No, sweetie, I'm just going to do my regular workout had Diane snort derisively. Huh! I don't think my workouts will take that long, so I tried to reassure my cara spoza &mdash It's DDR3, I think, I soothed, so after I do my workout and Rock Lobster, I'll get right back to work ... unless it's DDR4, then I'm going to do Waka Laka. Her nonchalance was instantly replaced by tender concern:

Please, take care of yourself and take it easy. she requested. I guess my little show-n-tell was still a very present echo in her mind.

As soon as they were out of sight — Bye! the children shouted, Bye! Bye! — I turned back to the house thinking about how I could form a relation between enumerated types and transitive types using Gödel numbering.

Yup. Just an ordinary day.

Thursday, August 28, 2008

Elena Marie says: "Hello?"

Originally posted November 14, 2004:

Today started out cold and blustery: fall is upon us, no joke. So, it made exercising this morning a more interesting affair, logistically. It doesn't help that it appears our heater is on the fritz (it provides a modicum of heat, but doesn't stay on the requested temperature, so blankets and mufflers are welcome additions to the modern lifestyle). So, I exercised. The bokken, being newly oiled as of yesterday, felt very good during practice.

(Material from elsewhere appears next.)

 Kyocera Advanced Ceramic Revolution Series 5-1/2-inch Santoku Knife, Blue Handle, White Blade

Today was the slower side of Dance-dance Revolution exercises — the music selection is on a wheel, and going clockwise, one encounters the faster songs (after nine minutes I hit the target calorie burn and was quite ready to stop: only 31 more minutes to go), but today was the counterclockwise direction: I don't hit the target even after 40 minutes. So, this time, I added 5 more minutes, and decided to double the requirement — for each arrow, I would hit the pad twice.

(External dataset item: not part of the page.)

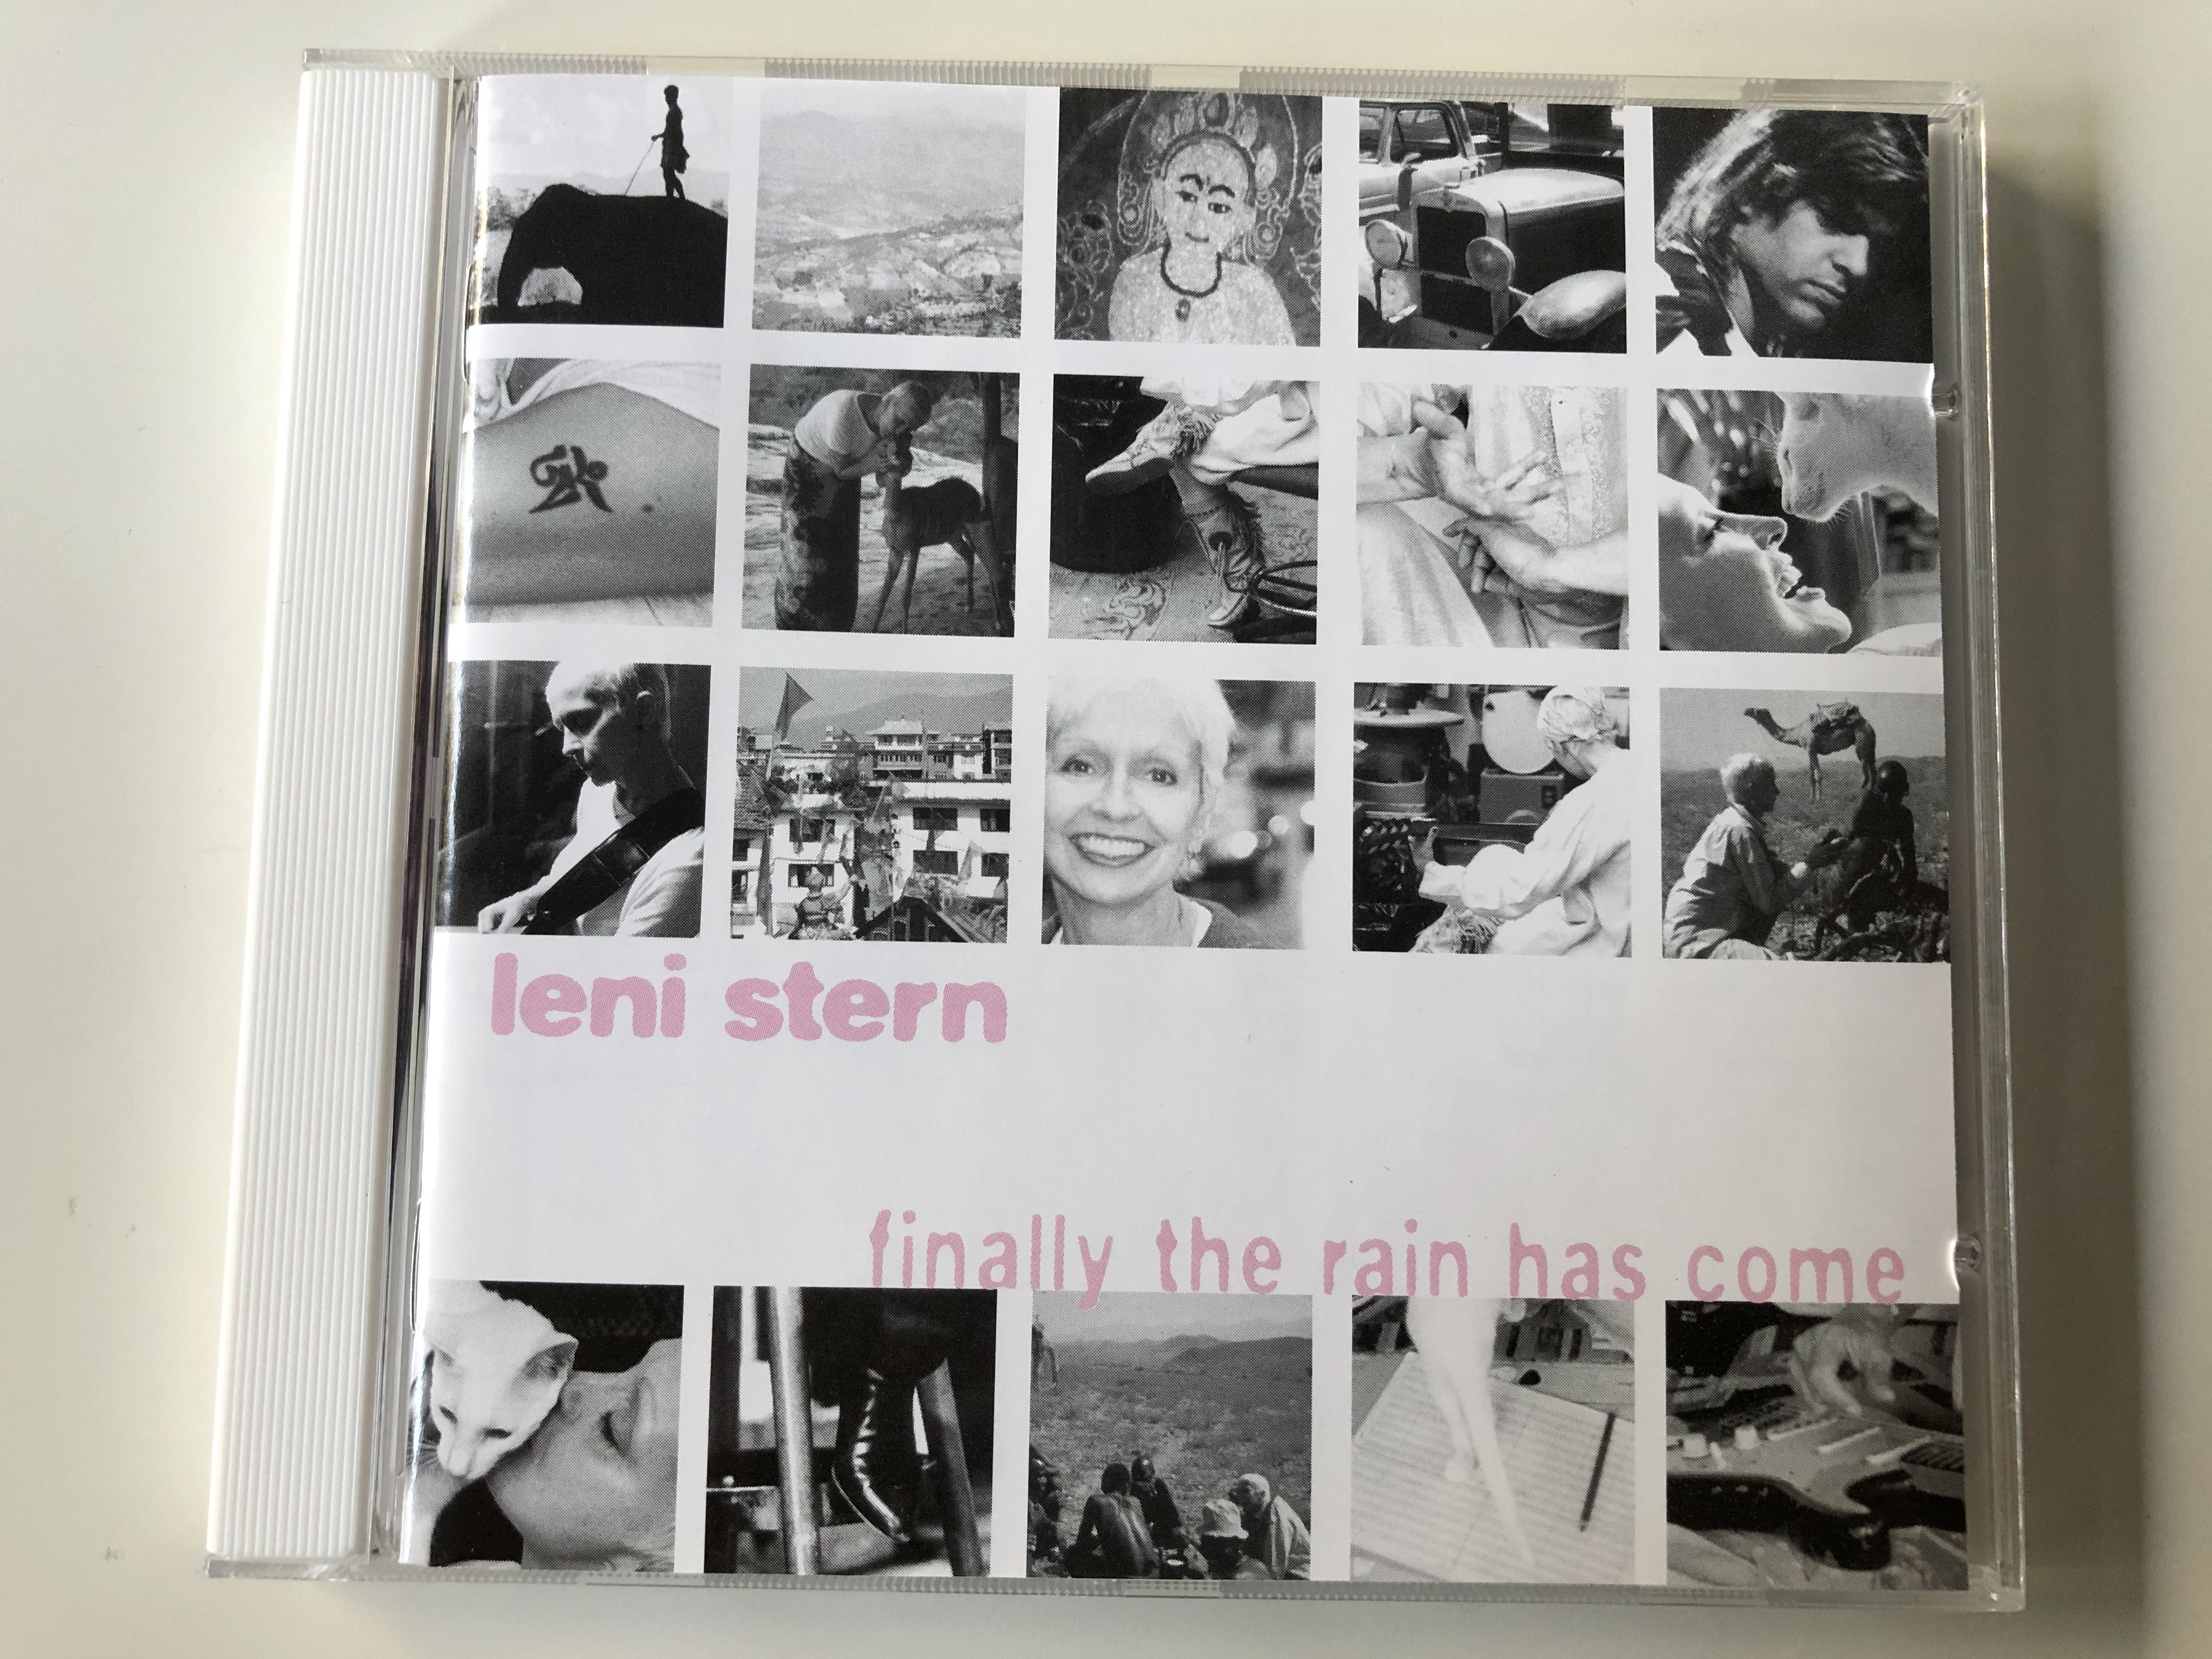 leni-stern-finally-the-rain-has-come-metalimbo-records-audio-cd-2003-efa-cd-06364-2-1-.jpg

Ouch. I think I understand better, viscerally, why basketball players so often require knee surgery. Even now, 12 hours later, I still feel the throbbing in my legs. Today, I worked out more, and harder, than I ever have since I've acquired this 'game'. One benefit: the 'tough' songs I couldn't fathom before (I would just stop and stare as 20 arrows passed in a matter of 3 seconds), I now did just fine.

Mother called after exercise, and she complained that my emails didn't talk about her grandchildren enough. So, for her, and for your enjoyment, I provide the following story.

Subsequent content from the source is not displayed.